The range to repeat runs from the line with "Martín Fiz busca" to the last line below, both ends included; give it exactly and without pictures.
--- SOURCE MATERIAL Enclosed Below ---
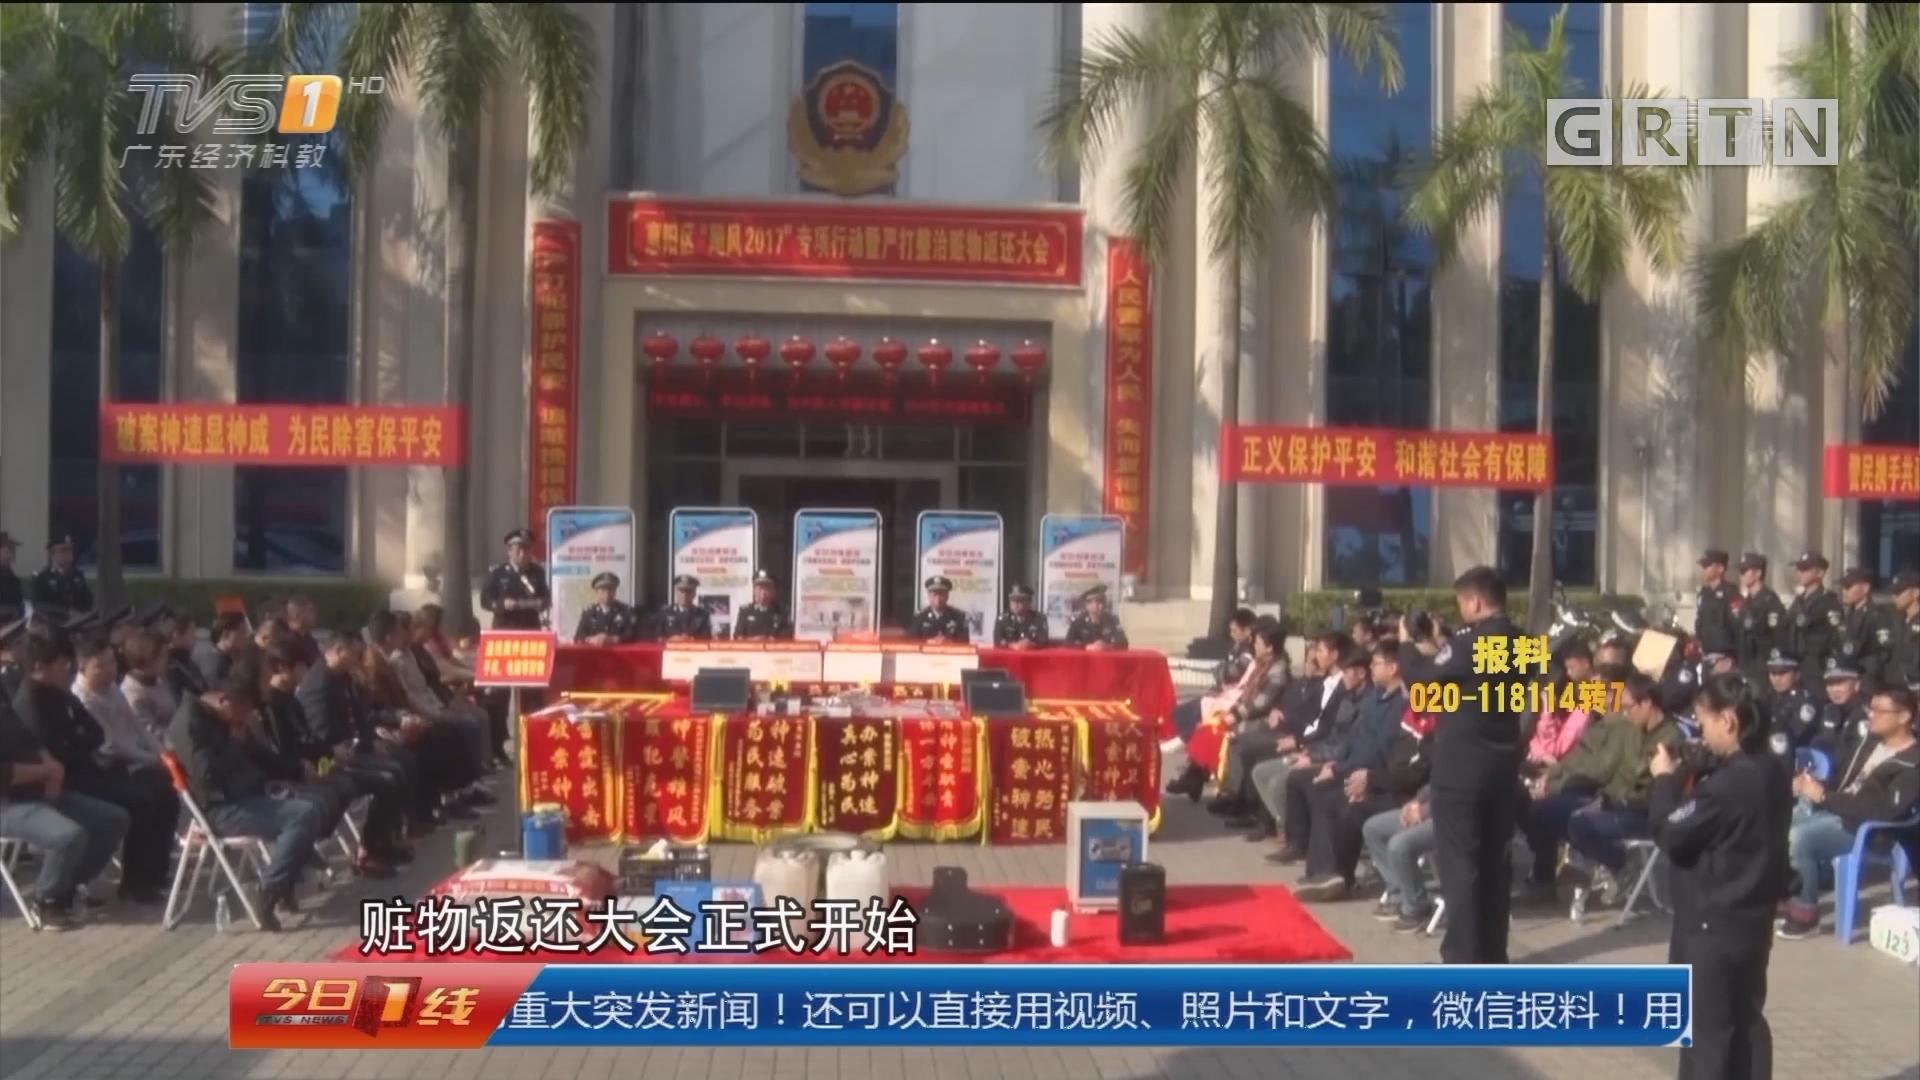 惠州惠阳区:赃物返还大会 化肥农药在列
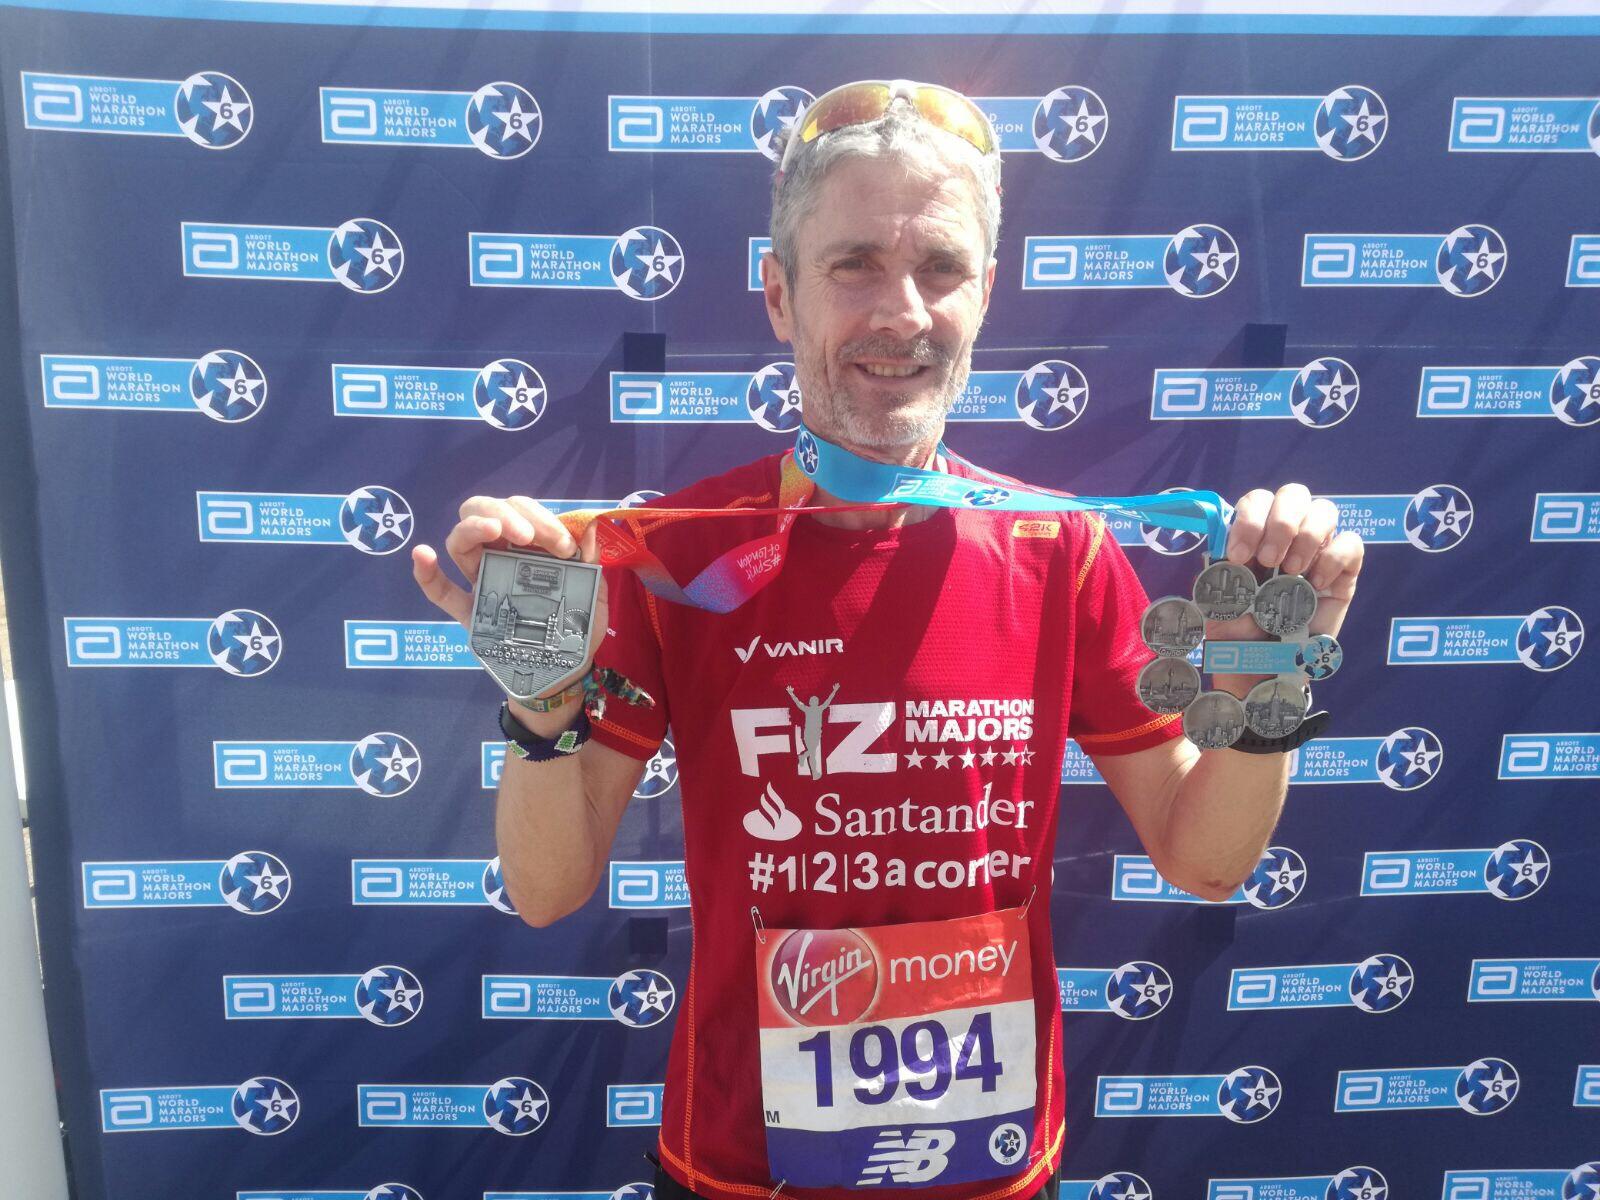 Martín Fiz busca el récord del mundo de 10 km este fin de semana en Valencia
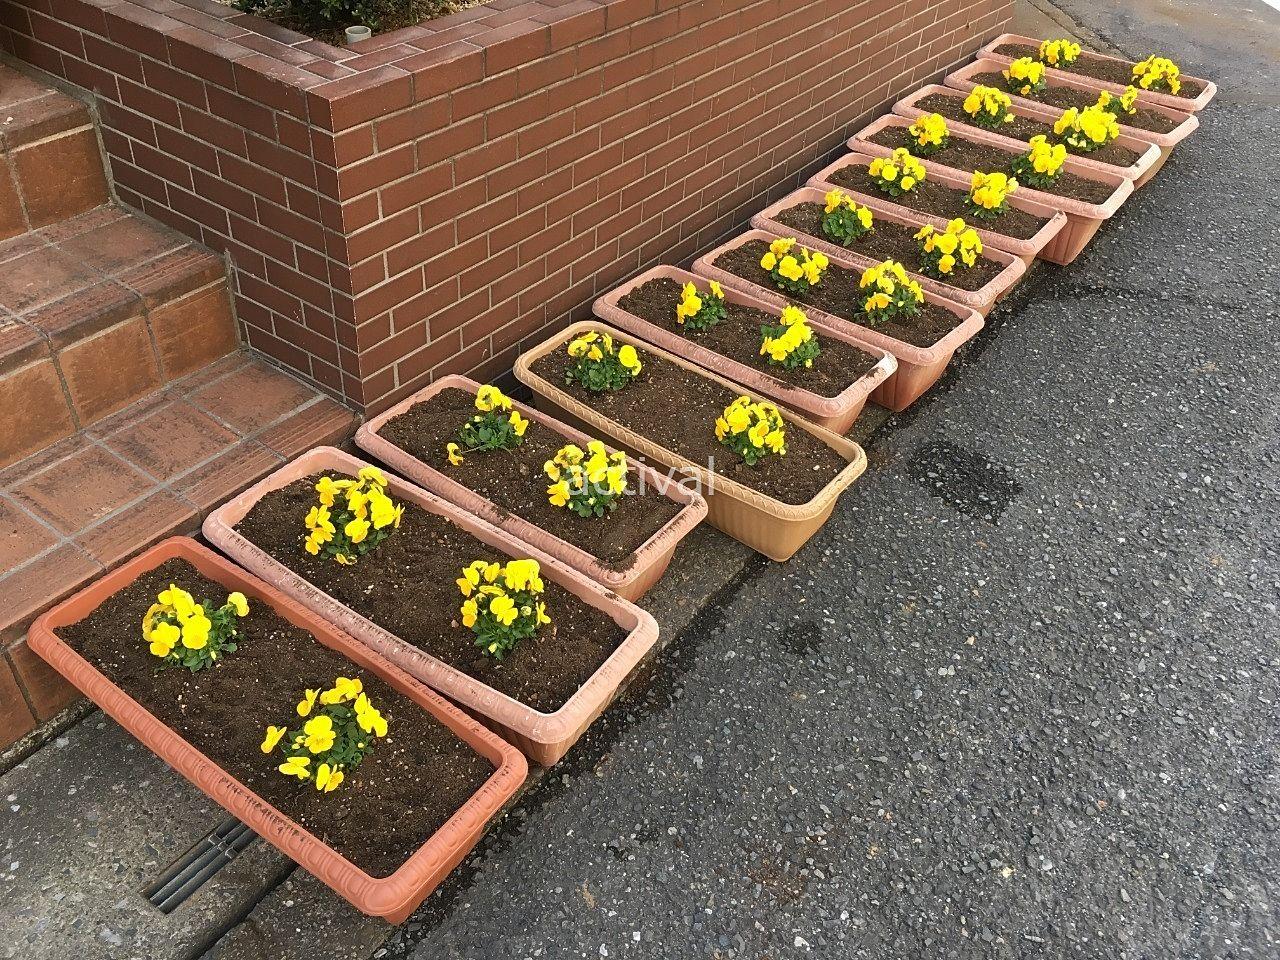 プランターの植え替えでトマト園芸さんで買って来た黄色のビオラを植えました!!
--- End of Enclosed SOURCE MATERIAL ---
> [THE ANSWER]
 Martín Fiz busca el récord del mundo de 10 km este fin de semana en Valencia
 プランターの植え替えでトマト園芸さんで買って来た黄色のビオラを植えました!!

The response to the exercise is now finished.